WORK TASK: Look through the records, and whenever a line includes the word "Natural", copy it.

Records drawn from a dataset
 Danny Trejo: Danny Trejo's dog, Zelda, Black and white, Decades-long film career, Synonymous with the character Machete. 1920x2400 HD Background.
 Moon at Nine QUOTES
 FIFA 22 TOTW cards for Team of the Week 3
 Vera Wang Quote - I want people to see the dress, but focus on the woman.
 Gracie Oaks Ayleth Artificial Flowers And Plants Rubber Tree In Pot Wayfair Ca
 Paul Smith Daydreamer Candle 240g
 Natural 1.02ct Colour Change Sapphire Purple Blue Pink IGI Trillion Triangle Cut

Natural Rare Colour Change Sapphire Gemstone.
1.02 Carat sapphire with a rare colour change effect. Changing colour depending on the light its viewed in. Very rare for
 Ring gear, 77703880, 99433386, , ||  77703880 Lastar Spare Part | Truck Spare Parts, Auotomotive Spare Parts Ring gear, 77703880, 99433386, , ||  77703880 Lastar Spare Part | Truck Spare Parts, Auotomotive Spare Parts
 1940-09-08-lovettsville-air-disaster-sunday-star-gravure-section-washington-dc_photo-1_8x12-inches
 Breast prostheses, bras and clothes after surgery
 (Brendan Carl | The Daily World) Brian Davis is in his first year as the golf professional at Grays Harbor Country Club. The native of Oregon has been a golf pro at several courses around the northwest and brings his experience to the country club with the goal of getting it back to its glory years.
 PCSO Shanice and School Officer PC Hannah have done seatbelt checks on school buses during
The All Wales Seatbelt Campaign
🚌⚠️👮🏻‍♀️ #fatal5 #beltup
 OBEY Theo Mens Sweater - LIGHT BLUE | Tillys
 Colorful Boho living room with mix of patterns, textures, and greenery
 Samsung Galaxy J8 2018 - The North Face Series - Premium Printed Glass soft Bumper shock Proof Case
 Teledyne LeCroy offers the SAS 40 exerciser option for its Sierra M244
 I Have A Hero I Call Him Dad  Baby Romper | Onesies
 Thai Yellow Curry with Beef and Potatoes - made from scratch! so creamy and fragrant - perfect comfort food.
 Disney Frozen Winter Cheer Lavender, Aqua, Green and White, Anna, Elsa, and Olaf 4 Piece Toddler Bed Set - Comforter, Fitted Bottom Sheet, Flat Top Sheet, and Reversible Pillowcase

EXERCISE OUTPUT:
 Natural 1.02ct Colour Change Sapphire Purple Blue Pink IGI Trillion Triangle Cut
Natural Rare Colour Change Sapphire Gemstone.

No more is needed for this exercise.